Discovering Math for Global Learners 2 Tm' 2003 Ed.
Author:
Publisher: Rex Bookstore, Inc.
Published:
Total Pages: 148
ISBN-13: 9789712338595
DOWNLOAD EBOOKRead and Download eBook Full
Author:
Publisher: Rex Bookstore, Inc.
Published:
Total Pages: 148
ISBN-13: 9789712338595
DOWNLOAD EBOOKAuthor:
Publisher: Rex Bookstore, Inc.
Published:
Total Pages: 196
ISBN-13: 9789712338601
DOWNLOAD EBOOKAuthor:
Publisher: Rex Bookstore, Inc.
Published:
Total Pages: 228
ISBN-13: 9789712338618
DOWNLOAD EBOOKAuthor:
Publisher: Rex Bookstore, Inc.
Published:
Total Pages: 178
ISBN-13: 9789712338632
DOWNLOAD EBOOKAuthor:
Publisher: Rex Bookstore, Inc.
Published:
Total Pages: 212
ISBN-13: 9789712338625
DOWNLOAD EBOOKAuthor:
Publisher: Rex Bookstore, Inc.
Published:
Total Pages: 116
ISBN-13: 9789712338588
DOWNLOAD EBOOKAuthor: Discovery Education
Publisher:
Published: 2021-05-20
Total Pages:
ISBN-13: 9781617087738
DOWNLOAD EBOOKAuthor: Discovery Education
Publisher:
Published: 2021-05-20
Total Pages:
ISBN-13: 9781617087530
DOWNLOAD EBOOKAuthor: Discovery Education
Publisher:
Published: 2021-05-20
Total Pages:
ISBN-13: 9781617087592
DOWNLOAD EBOOKAuthor: Marc Peter Deisenroth
Publisher: Cambridge University Press
Published: 2020-04-23
Total Pages: 392
ISBN-13: 1108569323
DOWNLOAD EBOOKThe fundamental mathematical tools needed to understand machine learning include linear algebra, analytic geometry, matrix decompositions, vector calculus, optimization, probability and statistics.
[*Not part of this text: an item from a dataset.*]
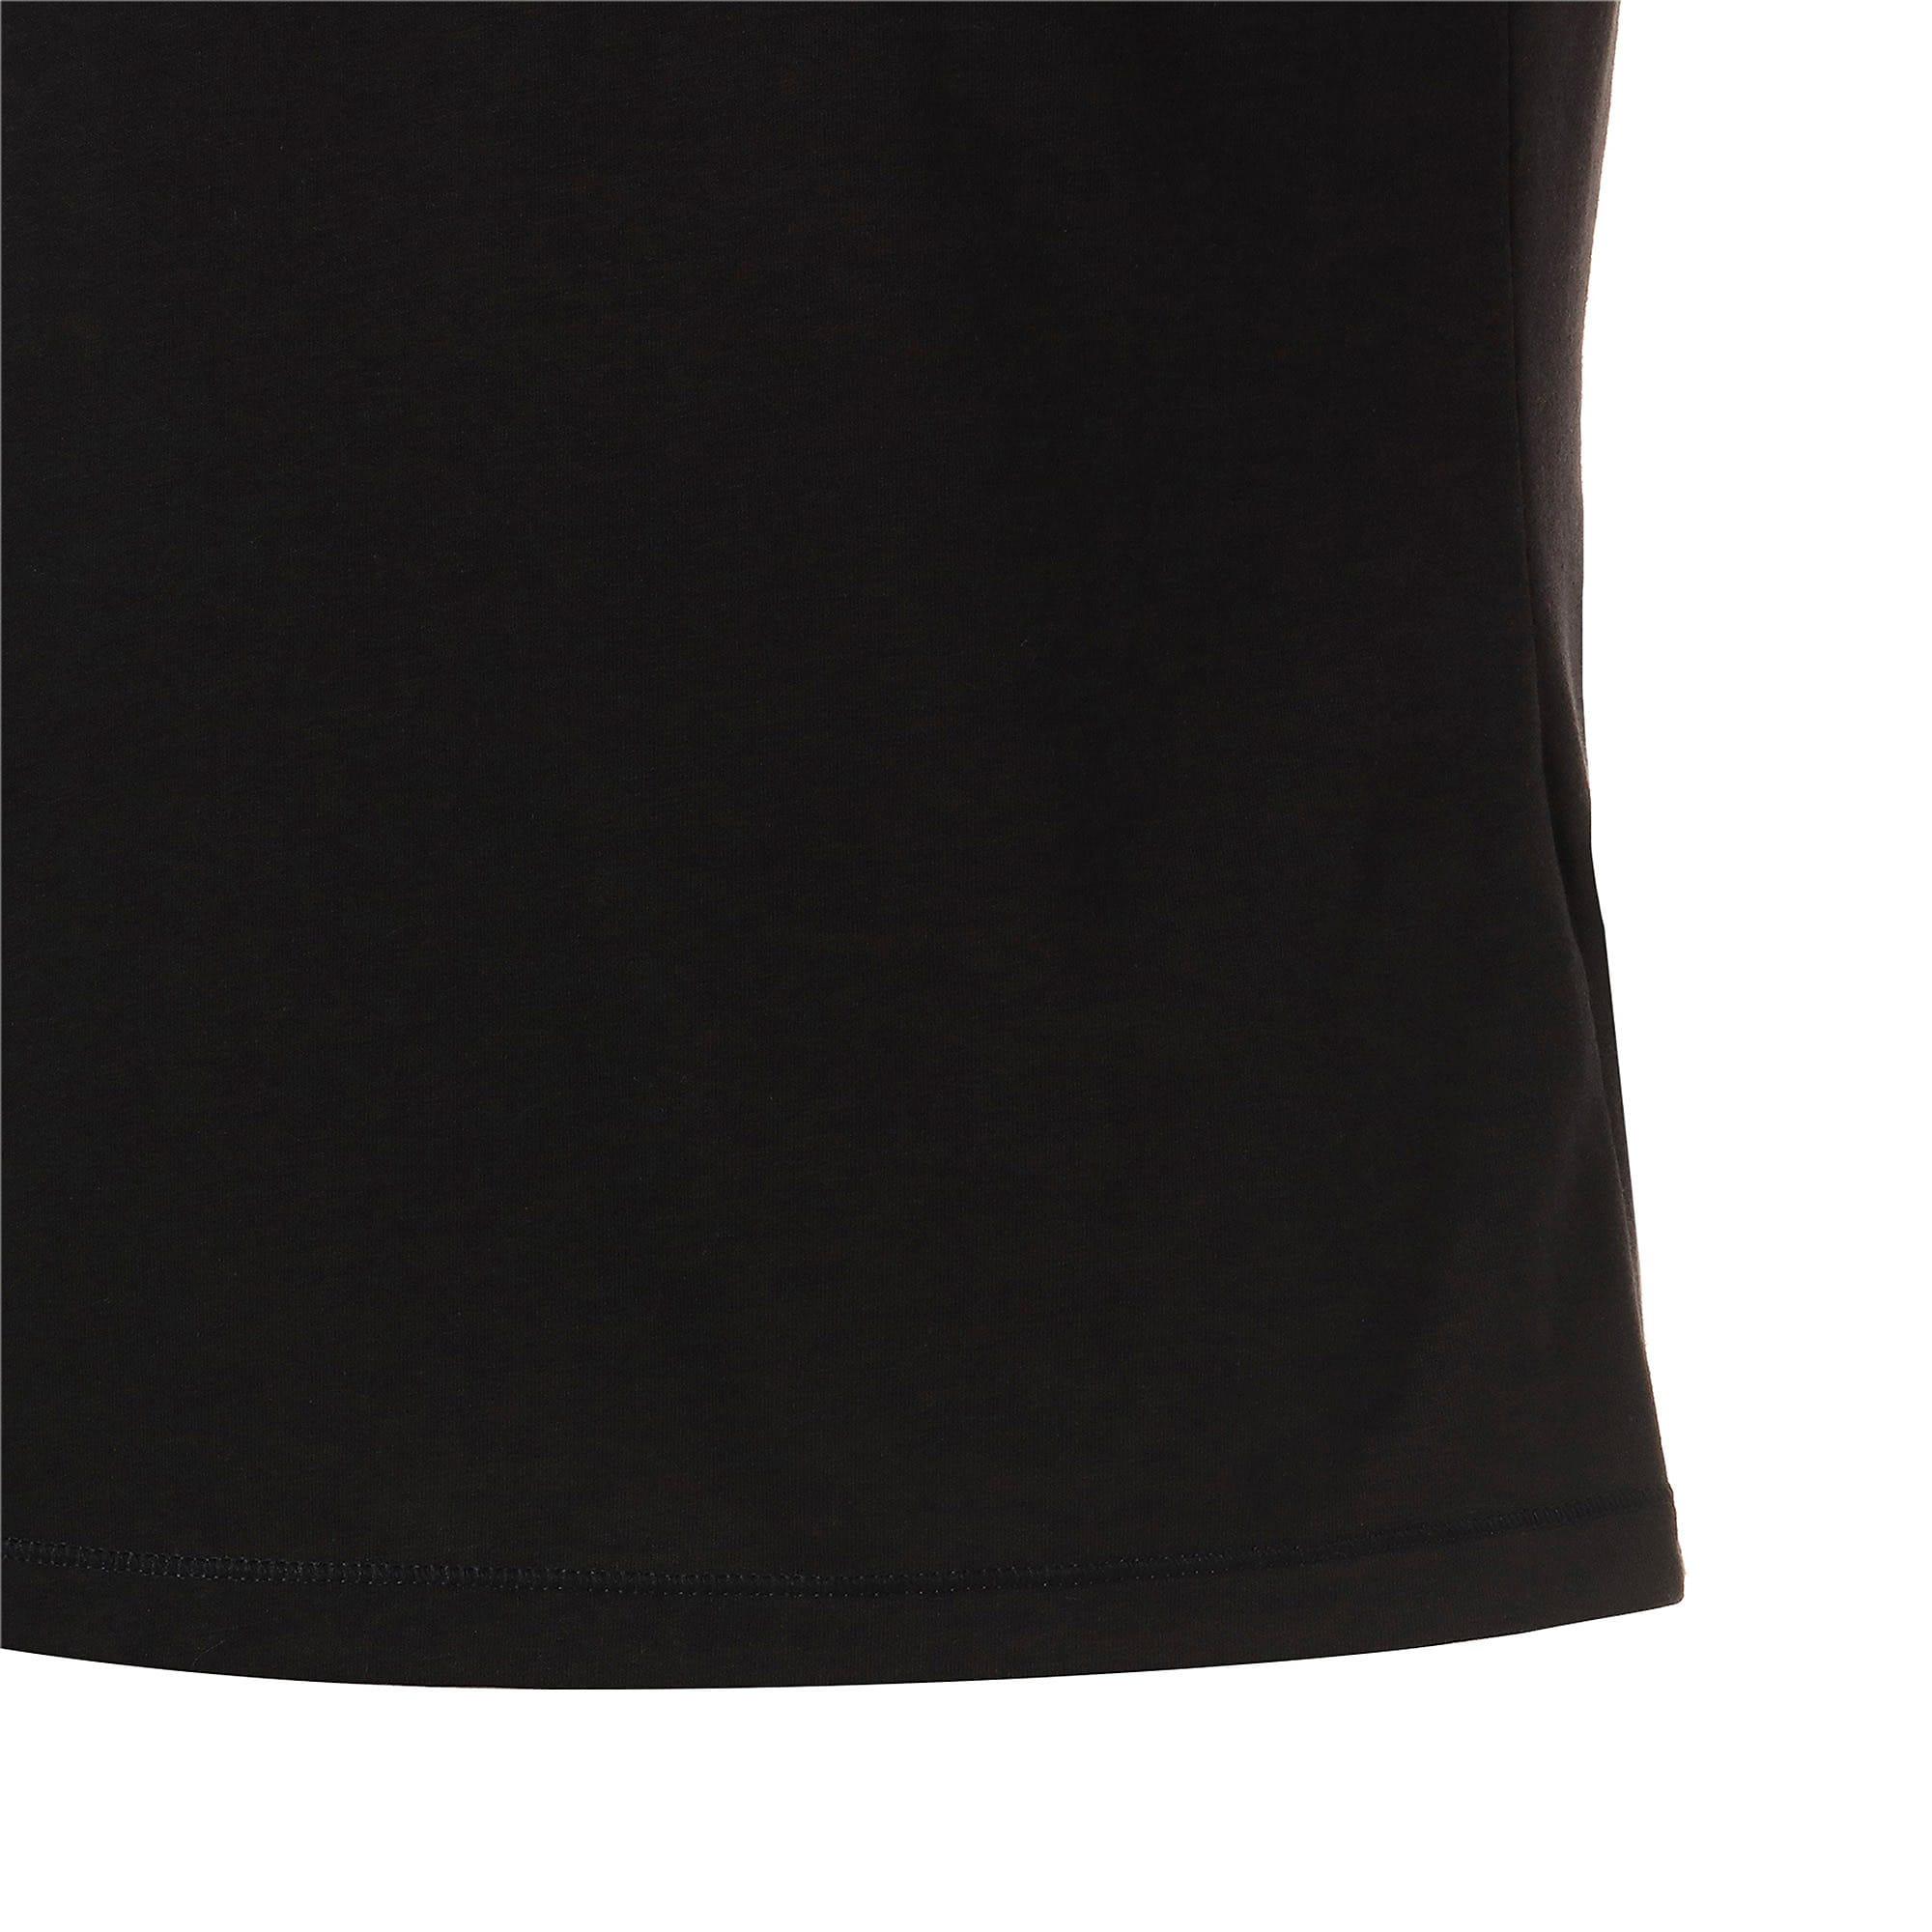 Thumbnail 9 of FAVORITE キャット SS ウィメンズ トレーニング Tシャツ 半袖, Puma Black-CAT Q3, medium-JPN

These topics are traditionally taught in disparate courses, making it hard for data science or computer science students, or professionals, to efficiently learn the mathematics. This self-contained textbook bridges the gap between mathematical and machine learning texts, introducing the mathematical concepts with a minimum of prerequisites. It uses these concepts to derive four central machine learning methods: linear regression, principal component analysis, Gaussian mixture models and support vector machines. For students and others with a mathematical background, these derivations provide a starting point to machine learning texts. For those learning the mathematics for the first time, the methods help build intuition and practical experience with applying mathematical concepts. Every chapter includes worked examples and exercises to test understanding. Programming tutorials are offered on the book's web site.